A lot of people hate the place though.  Some, only because they tried and were denied.  Others, because they did a different style.
There is a place for all of us.  I'm not all that traditional.  PPA, although I'm a member isn't a great rep for me.  WPJA works much better for me.
I don't do a lot of posed shots.  That is not my strength.

But that is not to say that posed wedding shots are bad.

The WPJA is good for photojournalist wedding photogs.  For that bride who wants to see it all out.

As an ex wire service PJ, I'm not that great at posing, so luckily there is a market for me.

And it's a good nitch.  Something I can be very very proud of.  Getting in the WPJA is about the toughest racket you can get into in the wedding market.  David Roberts is a marketing genious, and he made it tough.  He made us work for it.  He makes us work for it every day.

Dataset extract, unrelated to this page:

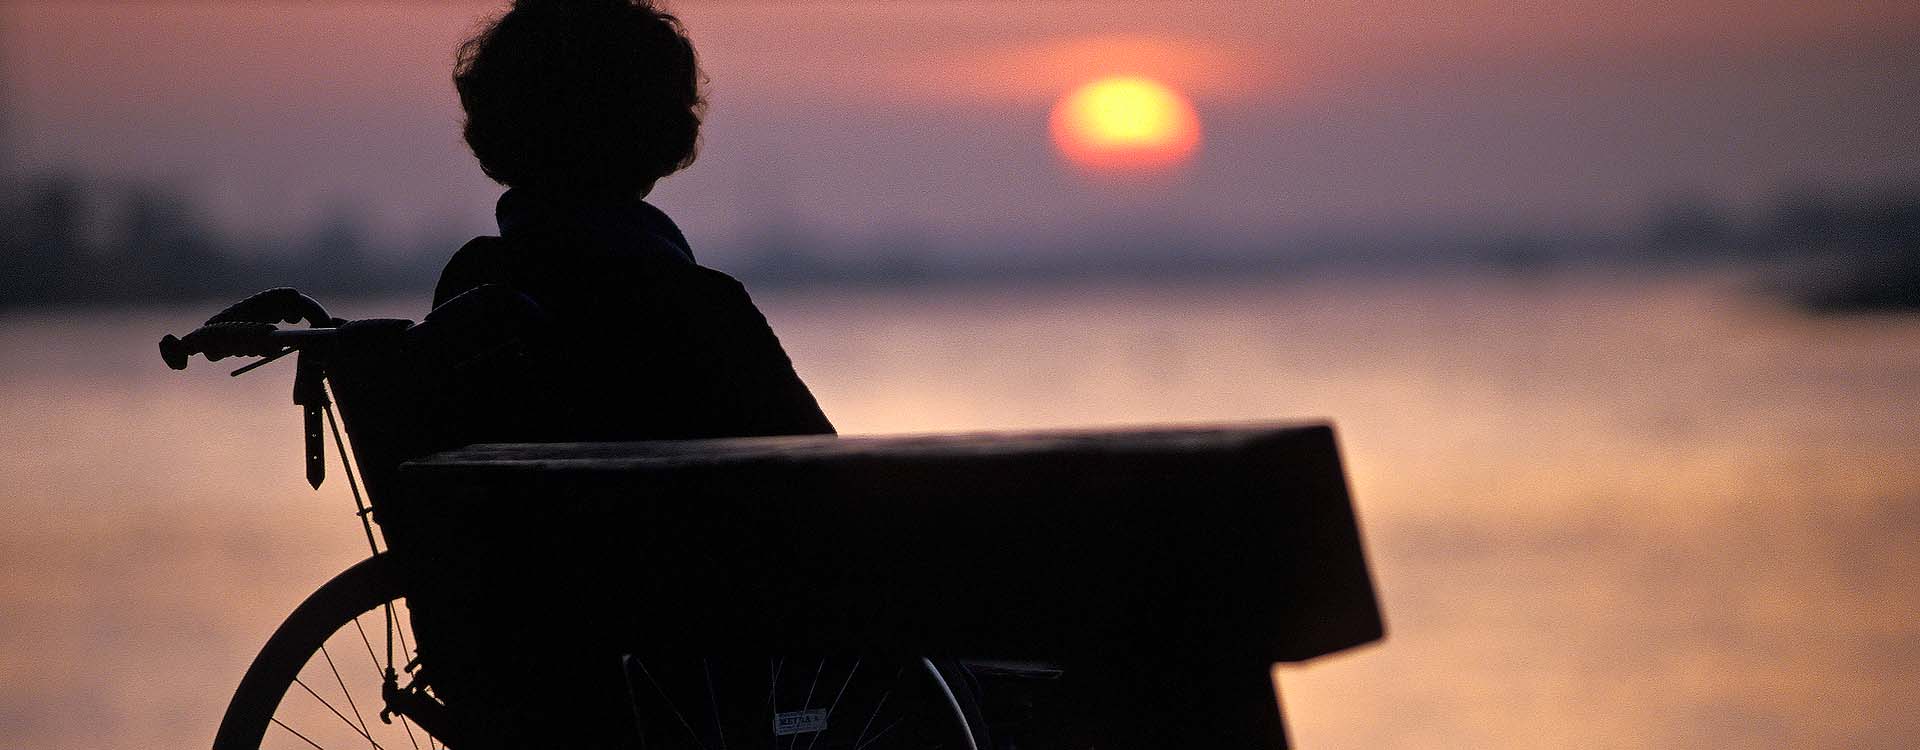 Mevrouw in rolstoel naast een bankje kijkt naar zonsondergang boven een rivier.

When we are involved in contests, we are judged by the toughest PJ photogs on the planet.  You have to hand it to him here.

We aren't judged by the guy from the "Daily Sun", we are judged by people covering the events in Afganistan, the White House, and people actively working in Iraq.

So yes, it makes you proud.  Not only to be counted in the kind of wedding photogs/photojournalist here, but also to be judged upon by some of the best photojournalist in the country.

For proof, go to www.wpja.com

Anyhoo, it's one style of wedding photography.  There are several wedding styles that are very very successful.

This is mine.  And I'm honored to be picked up for another year.


----------



## Big Mike (Dec 21, 2007)

It's a great accomplishment for you, no doubt about it.  I don't mean to sound like I'm raining on your parade.  Congratulations to you, it's well deserved.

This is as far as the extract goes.